Cultured mIMCD cells were fixed for 1 h at room temperature with 2.5% glutaraldehyde (Electron Microscopy Sciences) in 0.1 M sodium cacodylate buffer (pH 7.4), supplemented with 2 mM CaCl2, and stored in distilled water. Organ of Corti explants were fixed following Ca2+ imaging experiments, or the entire cochlea was fixed, microdissected in distilled water and prepared for scanning electron microscopy as previously described39. Briefly, specimens were dehydrated in ethanol, critical point dried from liquid CO2, mounted on a carbon tape, sputter-coated with 5 nm platinum, and imaged on a Hitachi S-4800 field emission scanning electron microscope.

Data analysis

All images were analysed using a custom-made MATLAB tracking algorithm (described below), ImageJ (NIH), and Origin 8 (OriginLab).

Sample size predetermination (power analysis)

In stereocilia we observed a 2.9 ± 1.05 (mean ± s.d.) -fold change (effect size d = 2.76) in FGECO1.2/FmCherry after activation of a Ca2+-conducting mechanosensor. Assuming a one-sided, paired t-test conducted at the 0.05 level of significance, a minimum of 12 cells would be required to detect an effect size of d = 1 in mechanosensitive [Ca2+] increase post-stimulation with 95% power.

Image analysis

Customized image analyses were developed using MATLAB to automatically process the large volume of ratiometric time-lapse data to improve quantitation and objectivity. The analysis was divided into three steps: channel alignment, object detection, and object tracking over time, with subsequent ratio calculations.
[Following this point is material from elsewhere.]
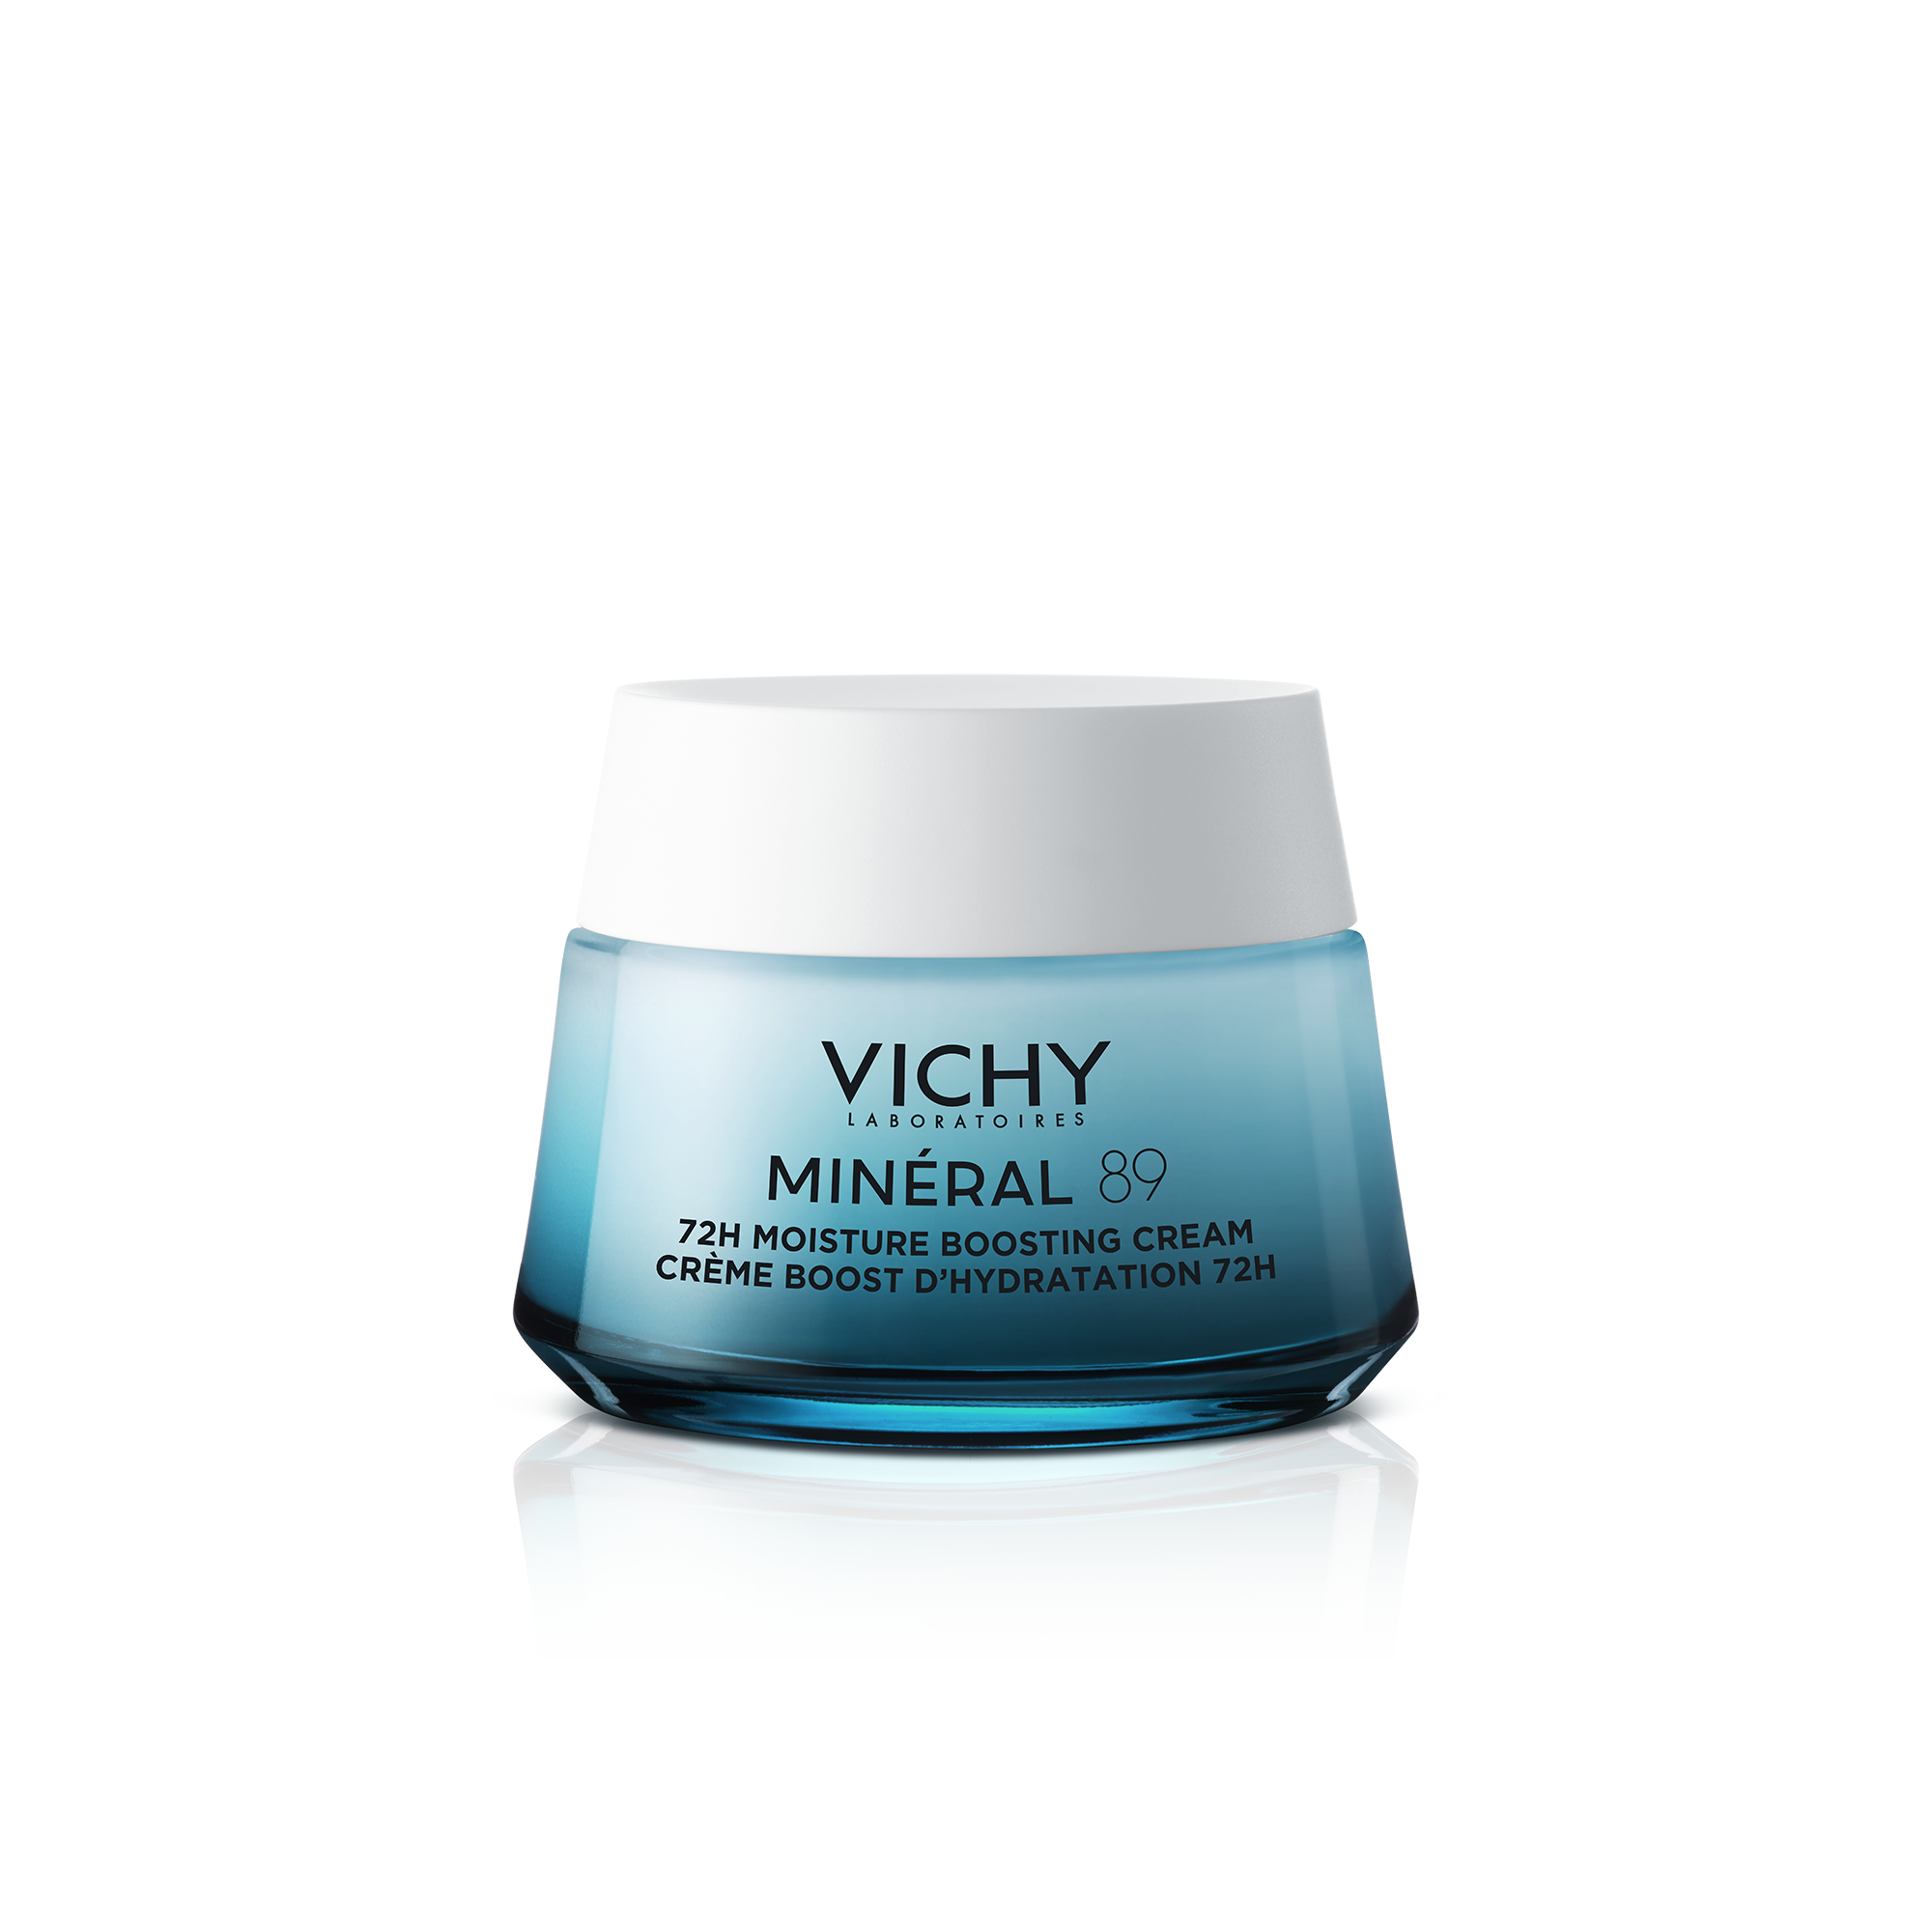 цена Насыщенный увлажняющий и питательный крем для лица Vichy Mineral 89, 50 мл

Channel alignment. Two factors contribute to misalignment of two channels during image acquisition: chromatic aberration from the optics and time delay due to sequential acquisition. For chromatic aberration, the two channels from each frame of a given time-lapse image were aligned using a translational transformation. A global translational transformation, derived from the individual frame transformations, was applied to all frames.
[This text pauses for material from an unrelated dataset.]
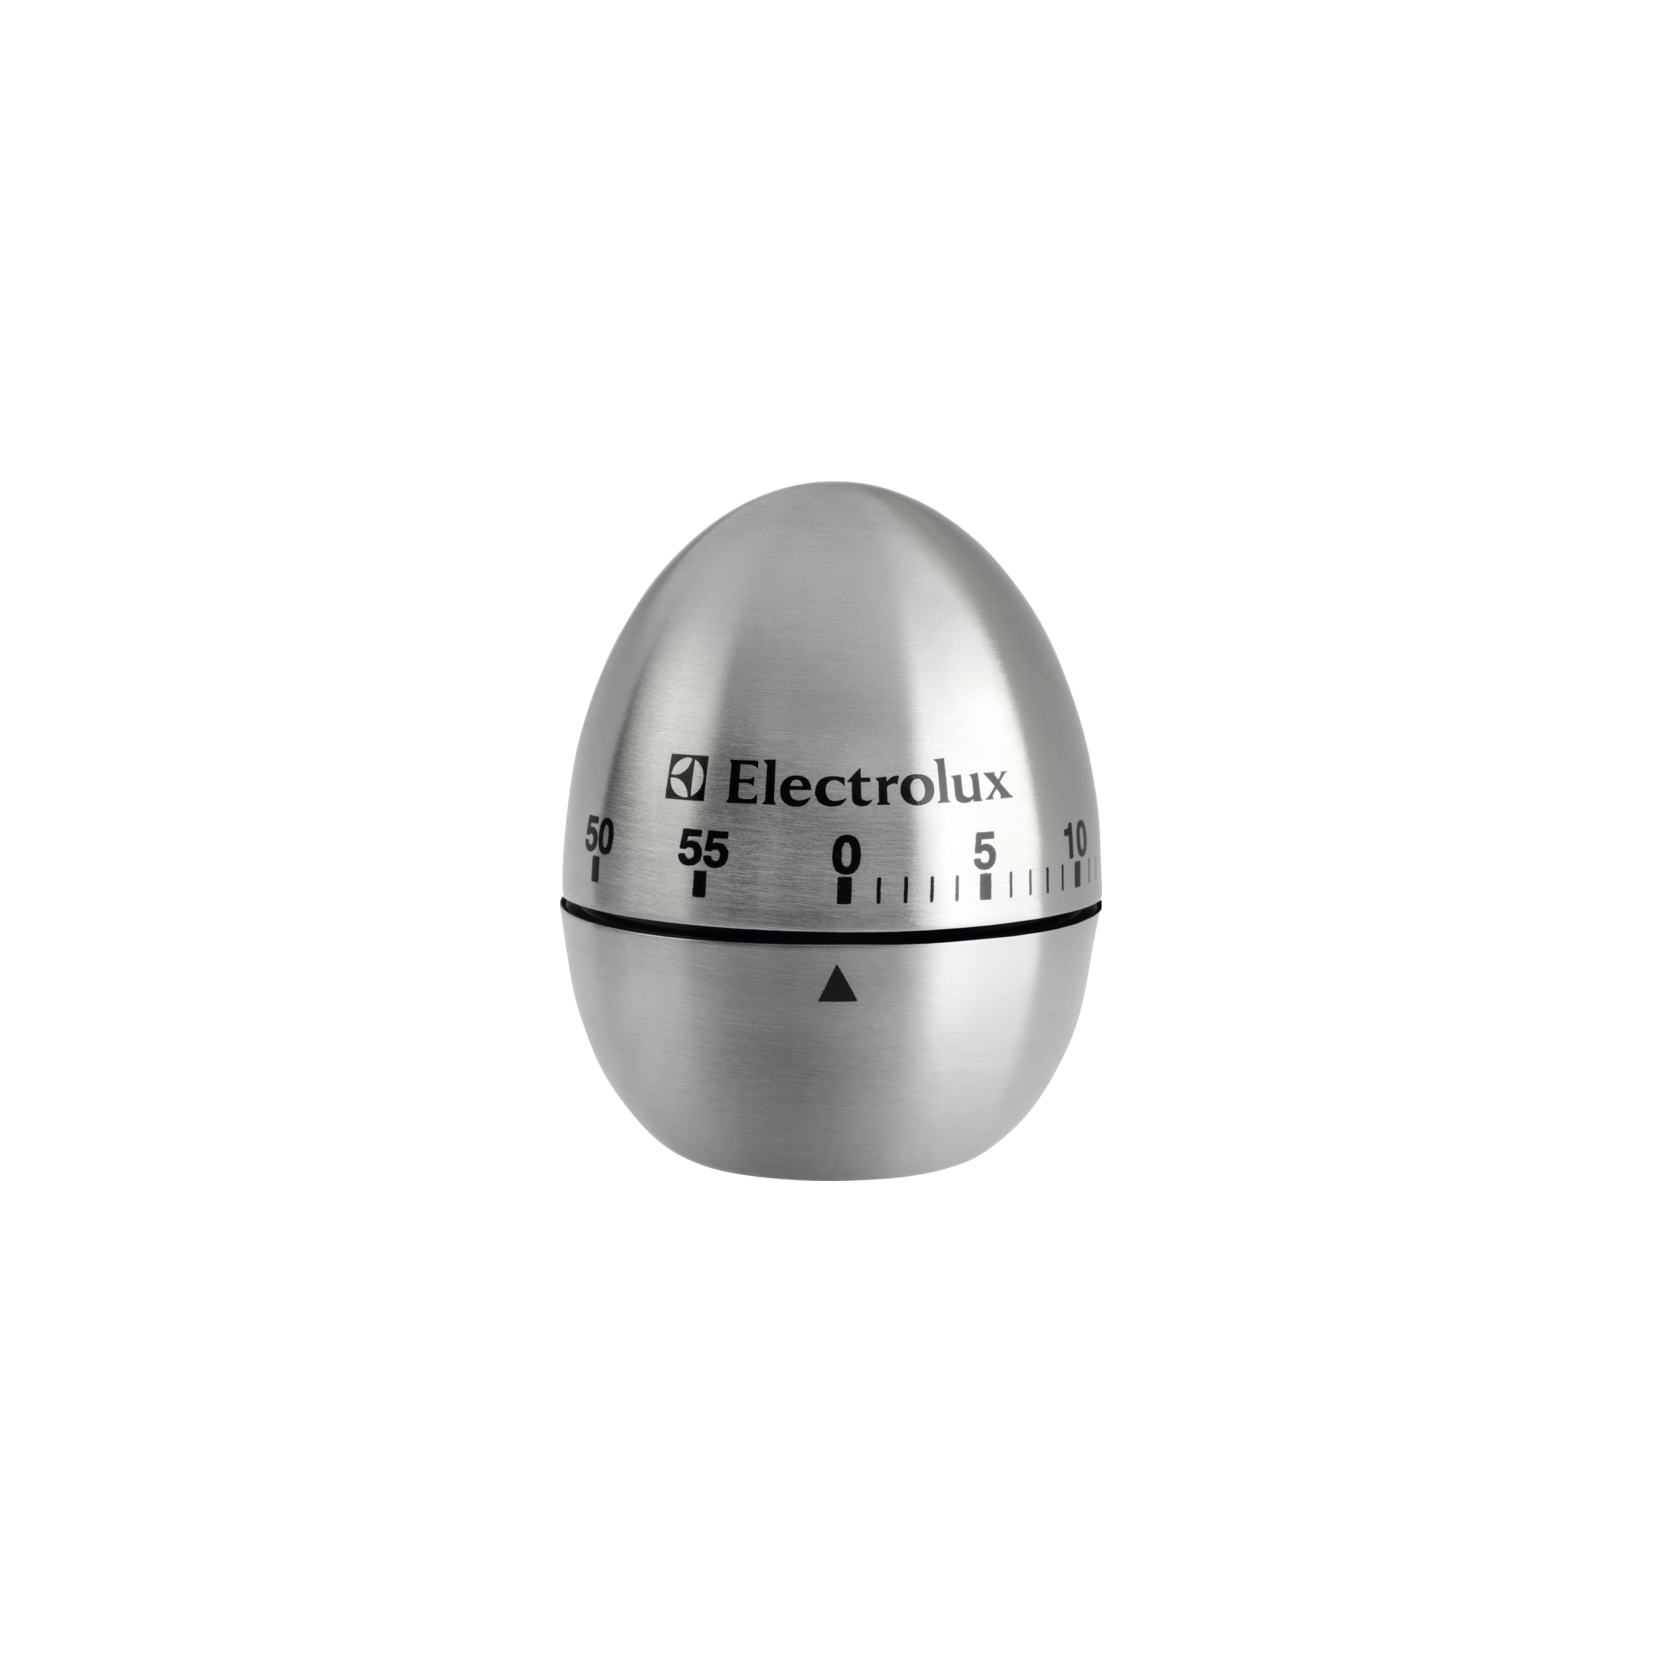 ELECTROLUX E4KTAT01 TIMER DA CUCINA MECCANICO MASSIMO 60 MIN IN ACCIAIO  INOX - PROMO

Object detection. Frame-by-frame superimposed images of both channels were created. When cilia motion was faster than acquisition time, channels were significantly misaligned. To create a combination image, two channels were added and smoothed using a Gaussian filter. Local image background was subtracted from the combination image, and Otsu thresholding used to detect objects. Small objects (less than three pixels) were filtered as noise.
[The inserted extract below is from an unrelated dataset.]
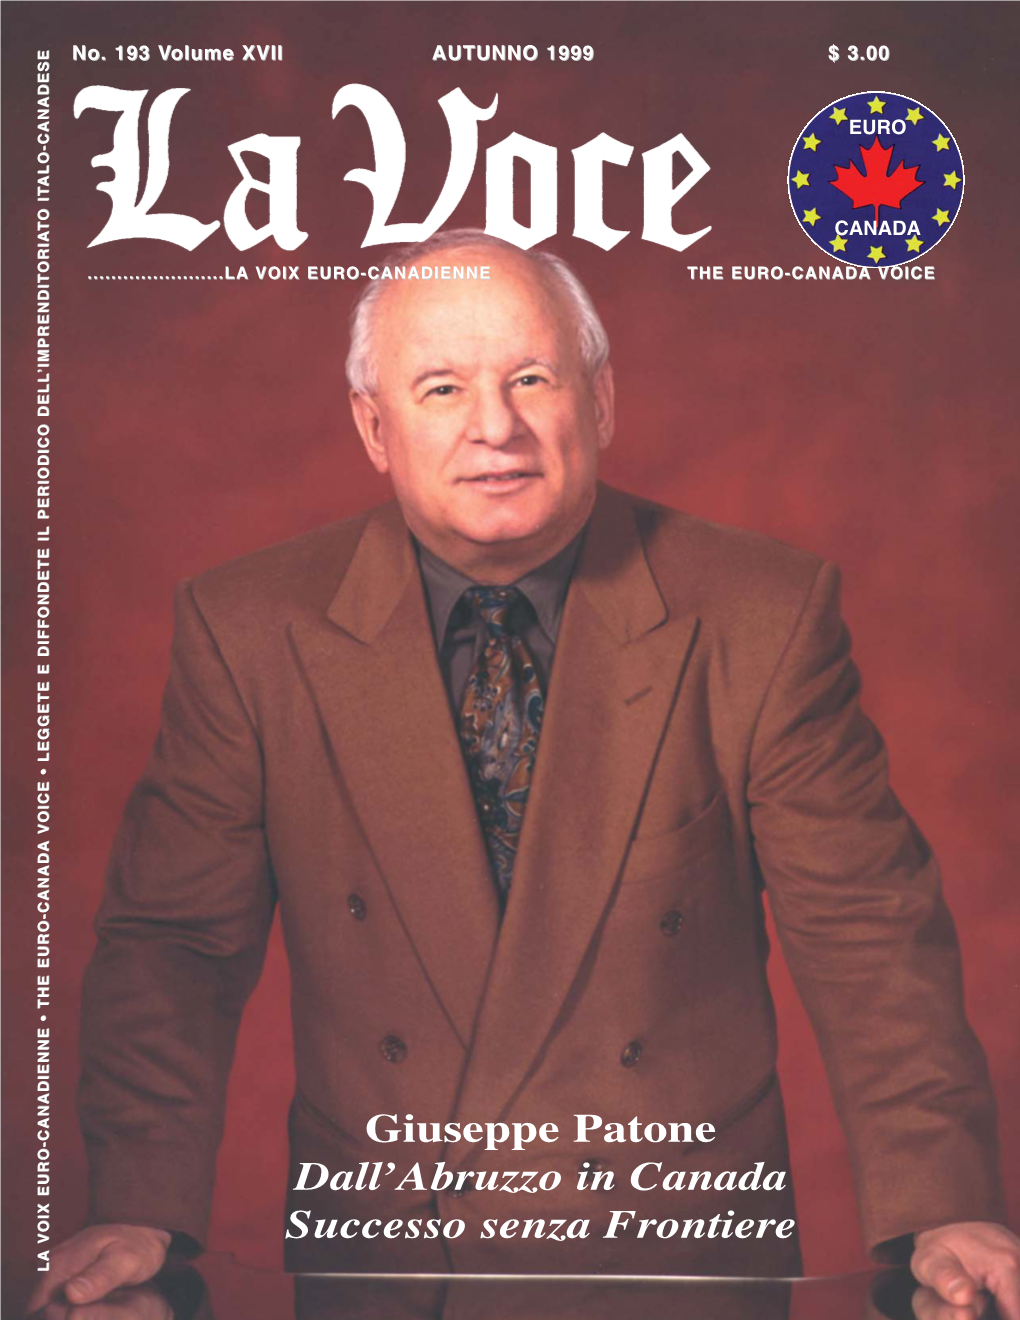 Giuseppe Patone Dall'abruzzo in Canada Successo Senza Frontiere

Object tracking with ratio calculations. Different cilia in the same image vary with relative orientation. During flow application, many cilia undergo large deflections and even cross one another, further complicating the tracking of individual cilia. A tracking algorithm based on object overlap was implemented. It included features such as splitting of crossed cilia, linking cilia with no spatial overlap, and closing gaps over a given number of time frames. Once an individual cilium was tracked, the analysis code measured the signal of the cilium from both channels, calculated the ratio, and plotted it against time or spatial displacement.

Code availability

The algorithms were developed in MATLAB in open-source, and are available upon request.